Dunlap Allyson, McBride Morgan, Tuominen Alison, Roby Brianne, Redmann Andrew, Meyer Abby, Herd Hannah, Meyer Cassandra, Chinnadurai Sivakumar, Finch Michael, Jayawardena Asitha D L
Department of Otolaryngology - Head and Neck Surgery University of Minnesota Medical School Minneapolis Minnesota USA.
ENT and Facial Plastic Surgery, Children's Minnesota Minneapolis Minnesota USA.
Laryngoscope Investig Otolaryngol. 2024 Sep 28;9(5):e70001. doi: 10.1002/lio2.70001. eCollection 2024 Oct.
The objective of this study is to investigate whether conductive hearing loss (CHL) can be differentiated from sensorineural hearing loss in children ages 3-18 using a diotic and antiphasic digits-in-noise (DIN) tablet-based test using existing adult cut-off criteria.
A blinded multi-institutional prospective cohort of 64 children aged 3-18 scheduled for an audiometric soundbooth evaluation with a pediatric audiologist and a same-day otolaryngologist examination were recruited for the study. Following a conventional audiogram, the subjects underwent diotic (same-phased stimuli) and antiphasic (out-of-phase stimuli) DIN testing on a HearX Samsung Galaxy tablet with over-the-ear headphones, for a total of 128 measurements. DIN test results were compared with soundbooth audiometry using known adult "cut off criteria."
A logistic regression analysis adjusted for demographics (age, sex) and race was performed to compare CHL determination from DIN testing to CHL determination with soundbooth audiometry. The results showed 50% agreement with a -value of .753. The determinations based on combined DIN testing agreed with each other 33% of the time and had a -value of .373. Otologic pathology and age were not predictive of outcome.

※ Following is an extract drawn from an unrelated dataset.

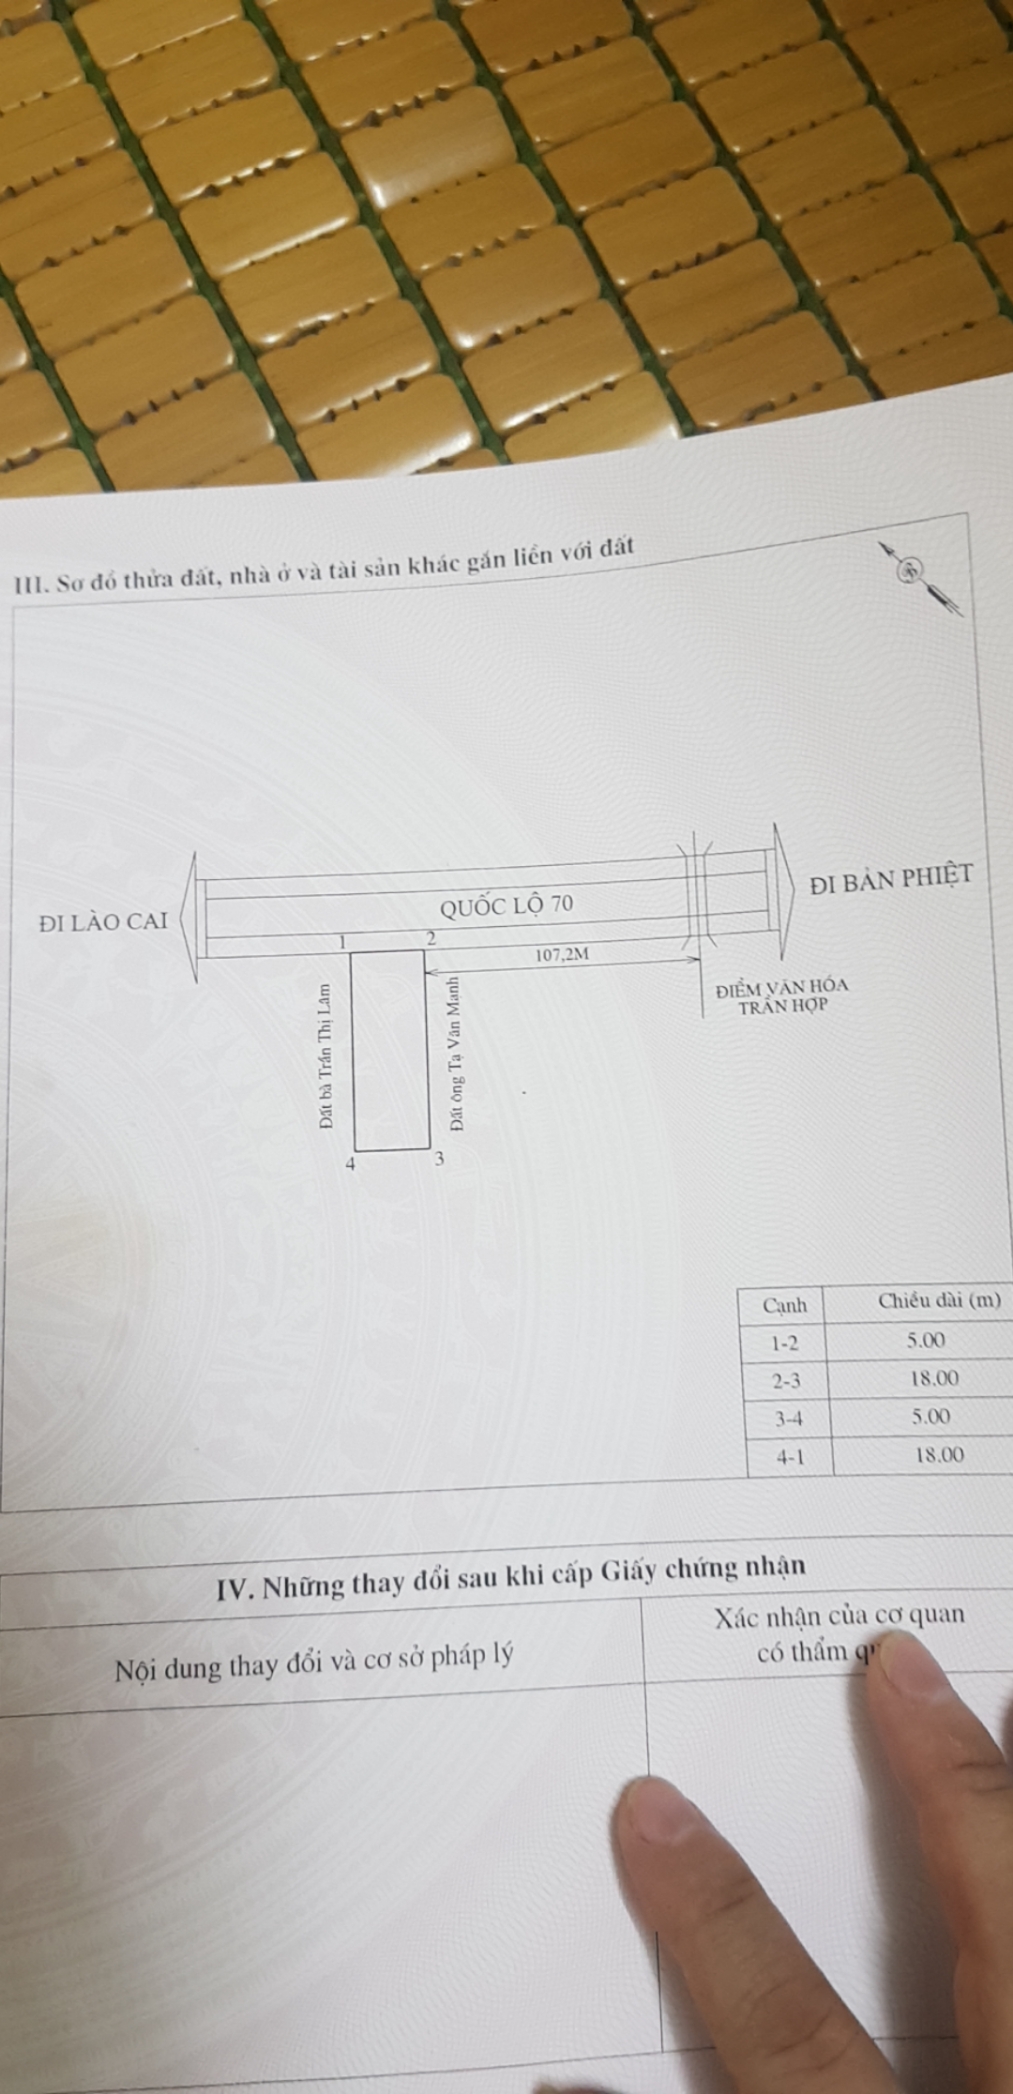 Chính chủ cần bán nhà và đất giá rẻ tại cây 3 QL70 - Lào Cai 11174345

This preliminary analysis of DIN testing indicated that DIN and audiometric testing completed in a soundbooth were not significantly predictive of one another in the population of children aged 3-18 when using the adult cut-off criteria for CHL differentiation. Given these findings, further testing is required in children to determine pediatric specific cut-off values.

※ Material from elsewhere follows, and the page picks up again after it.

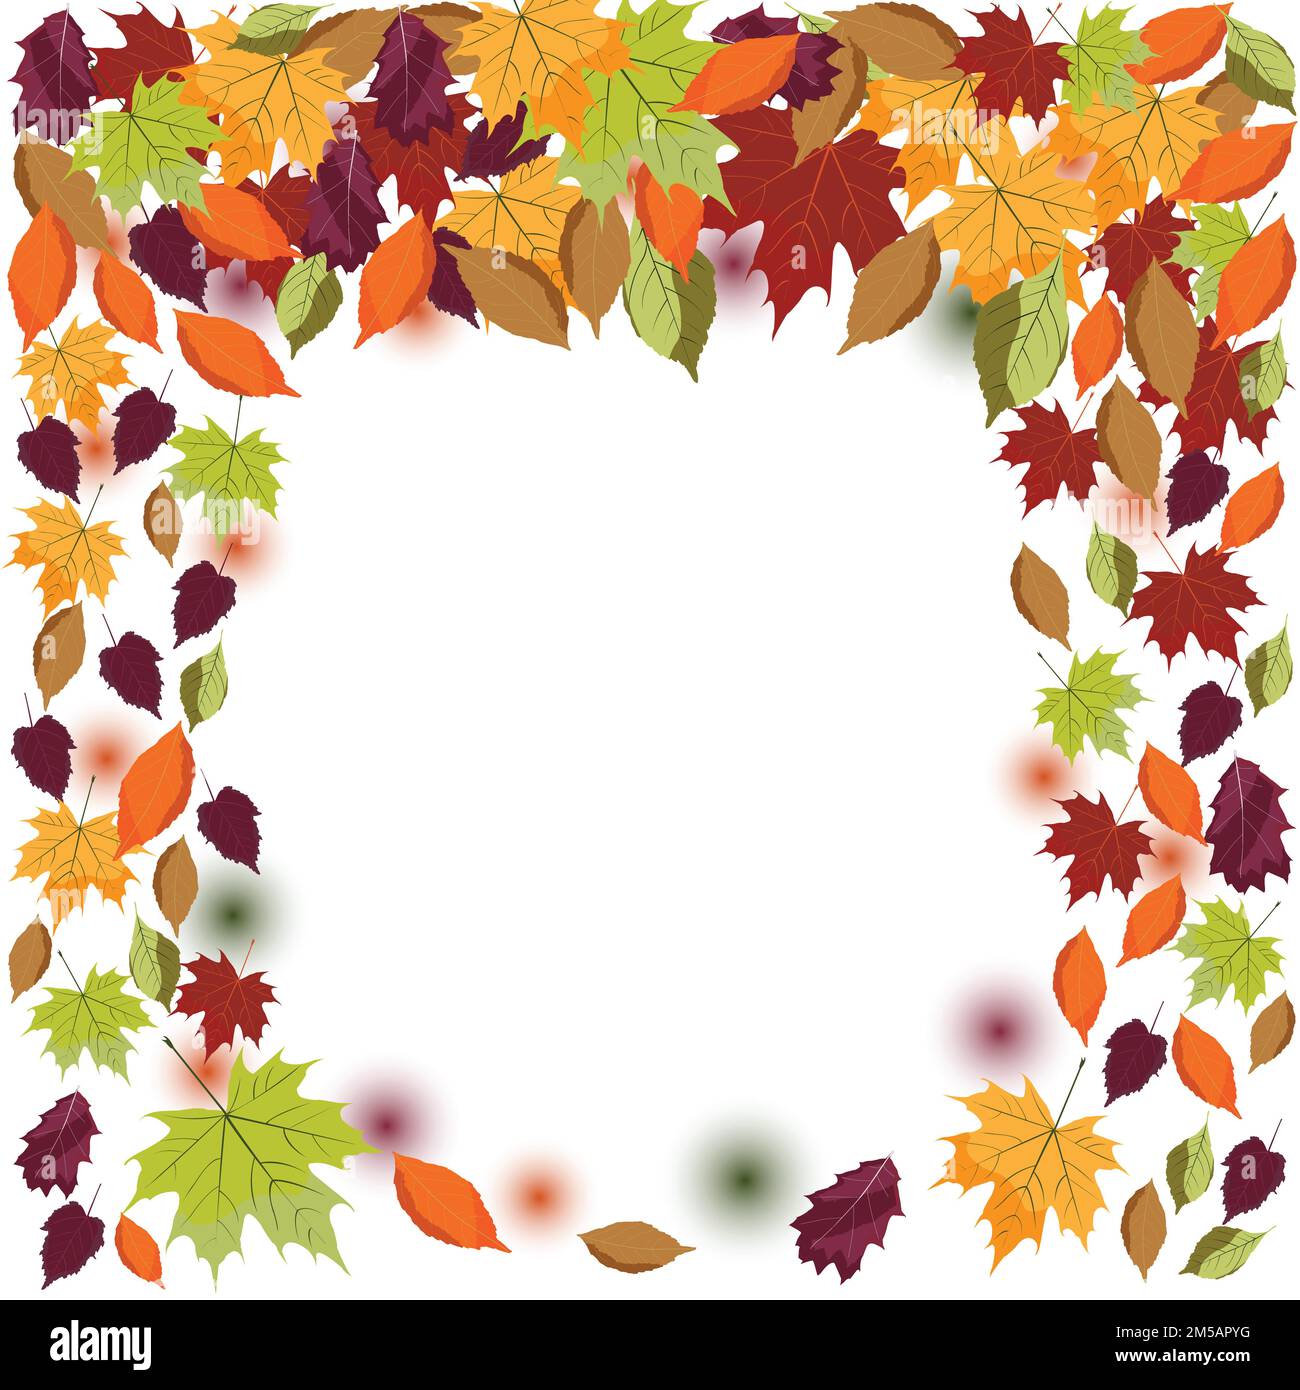 La caída de las hojas de otoño ilustración; Hoja cayendo; naranja, violeta, verde, marrón otoño hojas; venta; Ilustración del Vector

本研究的目的是调查使用基于双耳和反相数字噪声(DIN)平板电脑测试并采用现有的成人临界值标准,能否在3至18岁儿童中将传导性听力损失(CHL)与感音神经性听力损失区分开来。
招募了一个64名3至18岁儿童的多机构前瞻性队列,这些儿童计划由儿科听力学家进行听力计隔音室评估,并在同一天接受耳鼻喉科医生检查。在进行常规听力图检查后,受试者使用头戴式耳机在HearX三星Galaxy平板电脑上接受双耳(同相刺激)和反相(异相刺激)DIN测试,共进行128次测量。将DIN测试结果与使用已知成人“临界值标准”的隔音室听力测定结果进行比较。
进行了一项针对人口统计学(年龄、性别)和种族进行调整的逻辑回归分析,以比较DIN测试确定的CHL与隔音室听力测定确定的CHL。结果显示一致性为50%,P值为0.753。基于联合DIN测试的测定结果在33%的时间内彼此一致,P值为0.373。耳科病理学和年龄不能预测结果。
对DIN测试的这项初步分析表明,在使用成人CHL区分临界值标准时,在3至18岁儿童群体中,DIN测试和在隔音室中完成的听力测定彼此之间没有显著的预测性。鉴于这些发现,需要在儿童中进行进一步测试以确定儿科特定的临界值。